Recently, researchers at Qihoo 360 Network Security discovered a particularly stealthy piece of malware designed to create backdoors in the Linux ecosystem.
It was so good at its job, and so stealthy that it went completely undetected for years. That gave the hackers controlling it a convenient access point literally for years.
Based on the company’s research, the first sample they could find of the malicious code they dubbed RotaJakiro, was uploaded in 2018. It took more than three years for anyone to become aware of its existence, and in the computer world, three years is just shy of eternity.
A Qihoo spokesman had this to say about the recent discovery:
“At the functional level, RotaJakiro first determines whether the user is root or non-root at run time, with different execution policies for different accounts, then decrypts the relevant sensitive resources using AES& ROTATE for subsequent persistence, process guarding and single instance use, and finally establishes communication with C2 and waits for the execution of commands issued by C2.
RotaJakiro supports a total of 12 functions, three of which are related to the execution of specific Plugins. Unfortunately, we have no visibility to the plugins, and therefore do not know its true purpose.”
In all, the company’s researchers discovered four code samples online, all of them dating back to 2018, and none of them having ever been detected before Qihoo discovered them.

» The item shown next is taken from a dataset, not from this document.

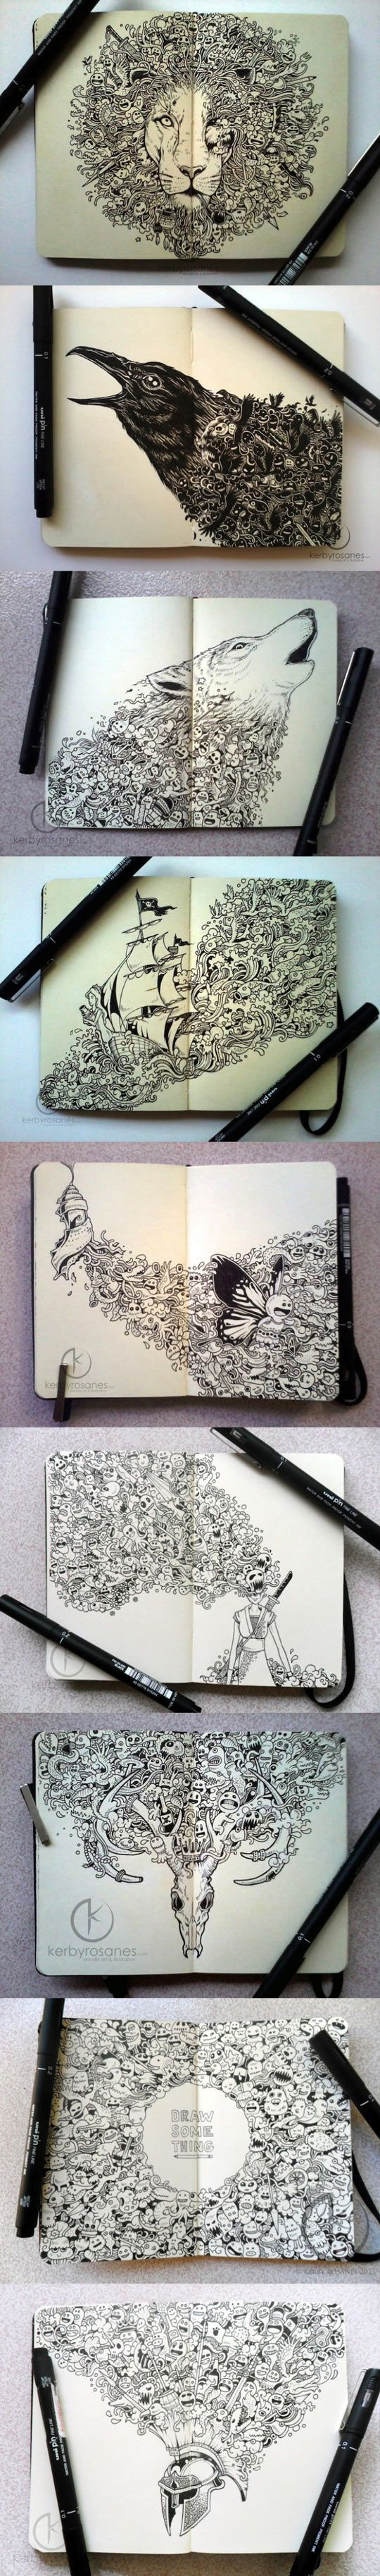 Incredible Moleskine drawings… #doodles #art #drawing

Of interest, RotaJakiro seems to have code in common with the Torii IoT botnet. That botnet was discovered by Vesselin Bontchev in September of 2018 and analyzed in depth by the Threat Intelligence Team run by Avast. Torii and RotaJakiro share a number of similarities including “the use of encryption algorithms to hide sensitive resources, the implementation of a rather old-school style of persistence, structured network traffic.”
In any case, this isn’t a widespread, pervasive threat, so odds are that you’ll never actually run across it. Even so, it’s an interesting bit of code to be aware of.